On 23 February 2018, LIST participated in the Efficient Crop Rotation Systems for Oilseed Rape (EFFO) Seminar organized by the Lycée Technique Agricole in Ettelbrück (LU) for the project of the same name. As well as bringing together the key players in Luxembourg’s agriculture industry, it also included participants from two German research institutions – the Landesforschungsanstalt für Landwirtschaft und Fischerei (Gülzow) and the Christian-Albrecht-University (Kiel) - who gave presentations on optimizing the use of fertilizers in autumn after sowing oilseed rape to guarantee a sustainable use of nitrogen.

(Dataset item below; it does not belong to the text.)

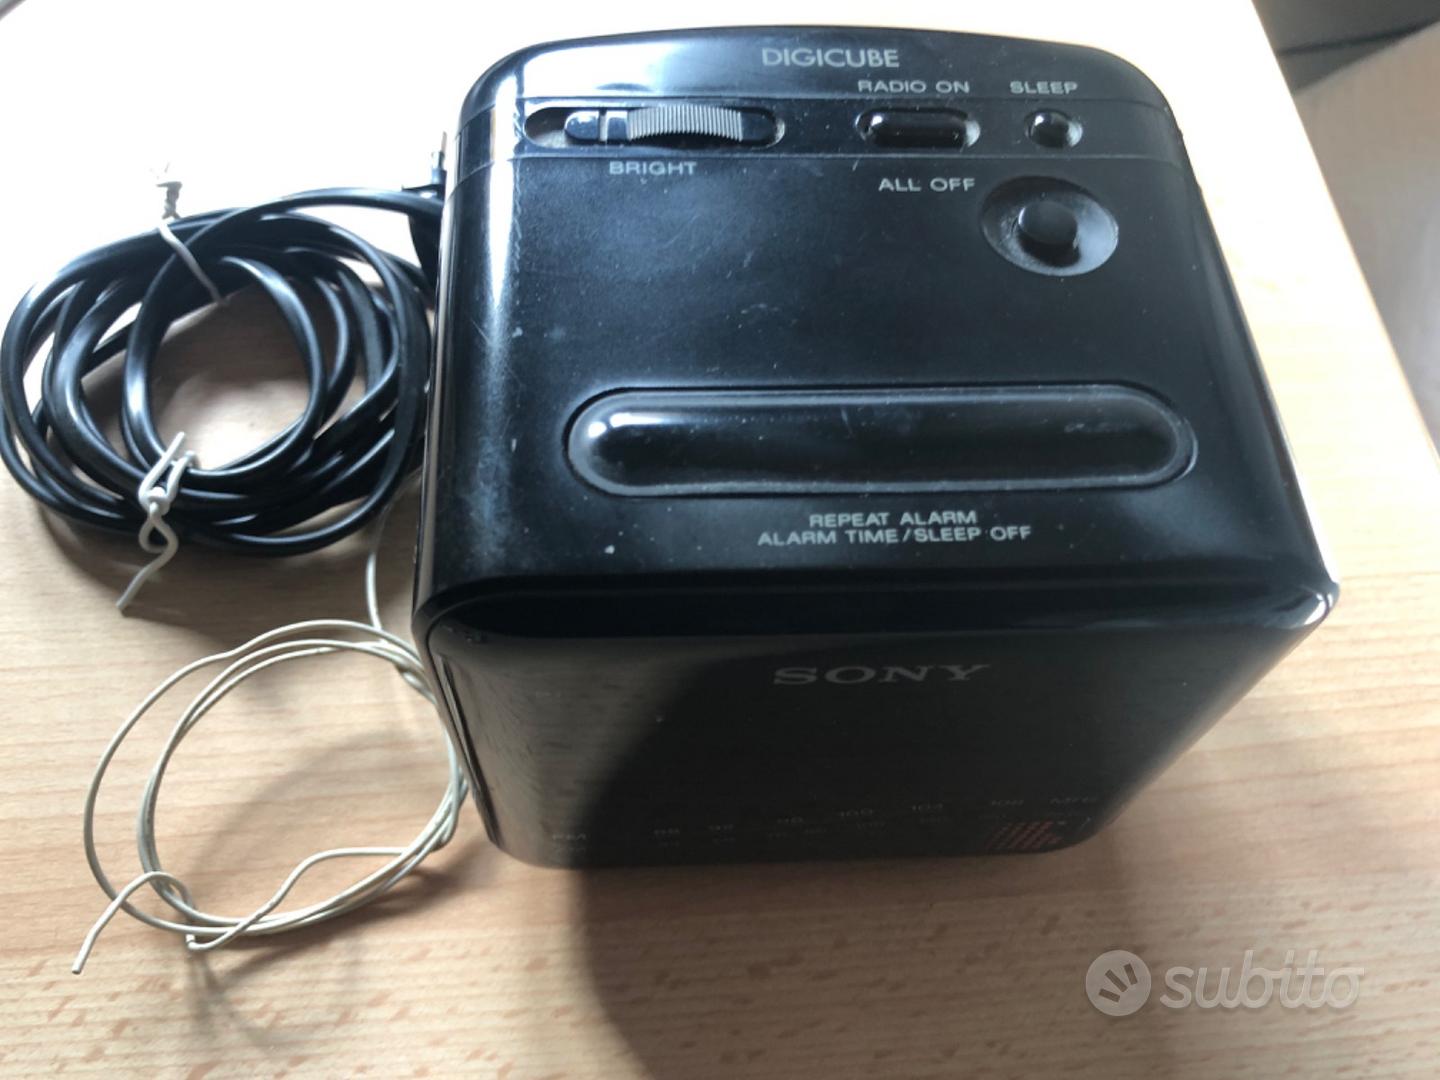 Sony digicube radiosveglia - Audio/Video In vendita a Torino

As an EFFO project partner aiming to reduce pesticides in Luxembourg's water resources, Dr Michael Eickermann, a researcher in LIST’s Environmental Research and Innovation (ERIN) department, presented the institute’s research activity focusing mainly on the acquisition and scientific analysis of data.
In November 2017, LIST and its partners revealed two encouraging results: organically-grown oilseed rape identified to be a real opportunity for organic farmers and a new technical approach based on drones, developed to identify weeds growing completely spontaneously in the field (see the related news, "How Luxembourg reduces pesticides in agriculture" published on 21 November 2017). Since then, progress has been made, with LIST researchers identifying different weed societies in the experimental location. The main weeds, field pansy, chickweed and shepherd's purse, have the potential to create large seed banks in the soil to threaten crops in the coming years.
The EFFO project has been funded by the Ministry of Sustainable Development and Infrastructure, the Ministry of Agriculture, Viticulture and Consumer Protection and the Ministry of Higher Education and Research since 2015. Led by the Fördergemeinschaft Integrierte Landbewirtschaftung, LIST is part of the partner consortium, along with the Chambre d’Agriculture and the Lycée Technique Agricole. Together, they try to optimize the production of winter oilseed rape from several environmental aspects and are working on identifying suitable cropping techniques and exploring potential substitutes based on multifaceted agricultural field trials.